On Wednesday, the Senate voted to confirm privacy expert Alvaro Bedoya to the Federal Trade Commission. The confirmation secured a Democratic voting majority at the agency tasked by the Biden administration with investigating big tech companies like Facebook and Google over potential data privacy and competition violations.
Vice President Kamala Harris voted to break a 50–50 tie on the Senate floor to finalize Bedoya’s confirmation.

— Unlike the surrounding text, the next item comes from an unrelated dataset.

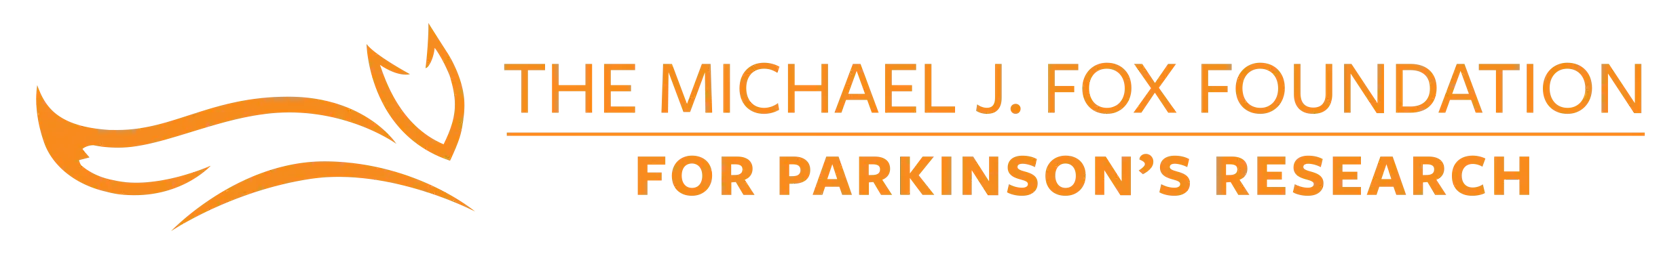 Logo-Michael-J-Fox-Foundation

Bedoya will replace former Commissioner Rohit Chopra, who left the FTC last year to head the Consumer Financial Protection Bureau. Before his confirmation, Bedoya was a Georgetown law professor with a focus on privacy law, founding the university’s Center on Privacy and Technology in 2014. In his academic career, Bedoya explored the disproportionate effects of surveillance on minority groups, particularly regarding facial recognition technology.
Bedoya was first nominated to the FTC last September, but his confirmation process was stalled by Republican opposition to his nomination. After several canceled and rescheduled committee hearings and votes last year, the Senate Commerce Committee voted 14–14 in March, requiring a motion to discharge by Majority Leader Chuck Schumer (D-NY) to bring a final vote to the floor.
In April, Axios reported that the US Chamber of Commerce had urged lawmakers to delay Bedoya’s confirmation.
Alvaro’s knowledge, experience, and energy will be a great asset to the FTC as we pursue our critical work. I’m excited to begin working with him, along with our other Commissioners, once his appointment is made final by President Biden.
— Lina Khan (@linakhanFTC) May 11, 2022
On Tuesday, Senate Minority Leader Mitch McConnell (R-KY) continued to pressure lawmakers to oppose Bedoya’s confirmation and urged the White House to pull his nomination. In a Tuesday floor speech, McConnell said, “He is an essentially foolish choice.” He continued, “I would urge my colleagues on both sides to stop this awful nomination so the president can reconsider and send us somebody suitable.”
Bedoya’s confirmation comes as the FTC has heightened its scrutiny over the tech industry, led by Chair Lina Khan. The commission had previously pledged to take on unlawful “right to repair” restrictions and is reportedly in the process of investigating Meta’s VR division for potential antitrust violations.
In a Wednesday statement, Khan said “Alvaro’s knowledge, experience, and energy will be a great asset to the FTC as we pursue our critical work.”
Update May 11th, 3:39PM ET: Included statement from FTC Chair Lina Khan.